Теперь Мариэлла отказывалась понимать Малкольма и сомневалась, знала ли она его вообще когда-либо.
— Если за Тедди он пойдет на электрический стул, для него это будет очень гуманная казнь.
— Так вот оно что значит! Вы оба играете в месть! Он крадет Тедди, ты убиваешь его! Все, все сошли с ума! — Она посмотрела на него с ненавистью.
— Выйди из моей комнаты, Мариэлла. Нам больше не о чем говорить.
Она не верила своим ушам. Малкольм расчетливо смешал ее с грязью только для того, чтобы уничтожить Чарльза.
— Не знаю, кто ты такой после этого.
— Это уже неважно.
— Как прикажешь тебя понимать? — не в силах больше сдерживаться, закричала Мариэлла.
— Думаю, ты меня все-таки поняла.
— Все кончено, так? — Если только что-то существовало. Кроме Тедди, у них же никогда не было ничего общего.
— Все было кончено тогда, когда Делони увез отсюда моего сына. Ты можешь идти к нему обратно после суда. Если он, конечно, останется жив. Поплачете вместе. И еще кое-что тебе скажу. Я тебя никогда не прощу. — Вот это он сказал действительно серьезно.

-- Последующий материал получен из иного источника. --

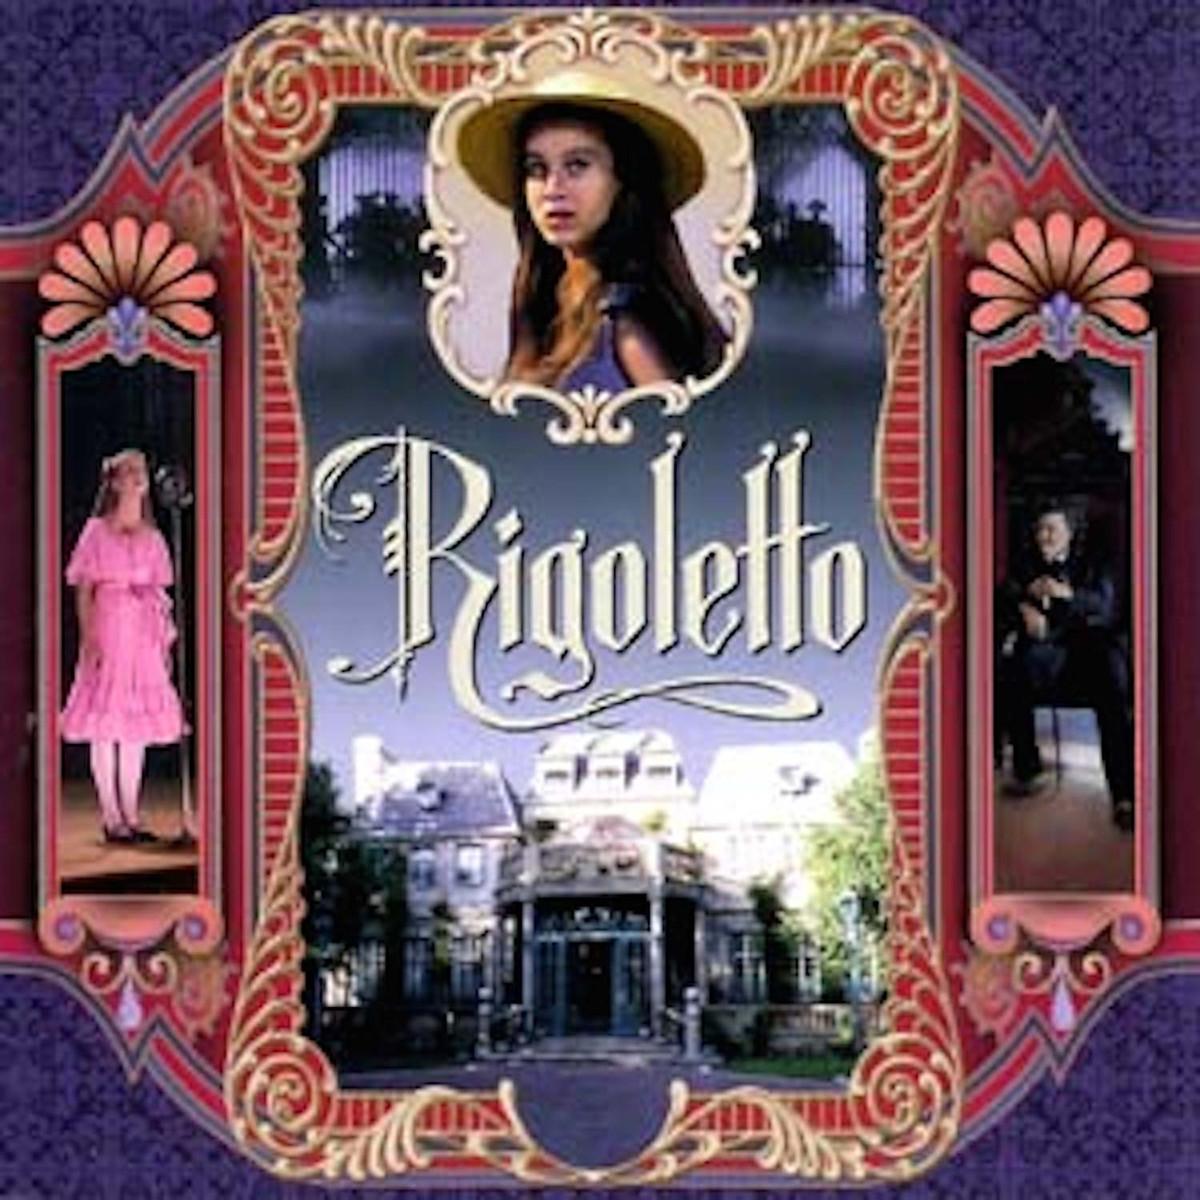 Rigoletto original score for House music 1993

— Малкольм, ты хочешь меня бросить? Я к этому готова. Могу хоть сегодня переехать в гостиницу.
— Послушай, тебе мало скандалов? Могла бы, по крайней мере, подождать, пока кончится суд и пресса забудет о нашем существовании.
Она молча вышла. Теперь ничто не могло ее удивить. Она вышла замуж за чужого человека. И этот человек ее возненавидел за то, что она потеряла сына. Еще одного сына. Жизнь жестоко с ней обходится. Что бы ни случилось теперь, найдут ли Тедди, нет ли, ее браку с Малкольмом пришел конец.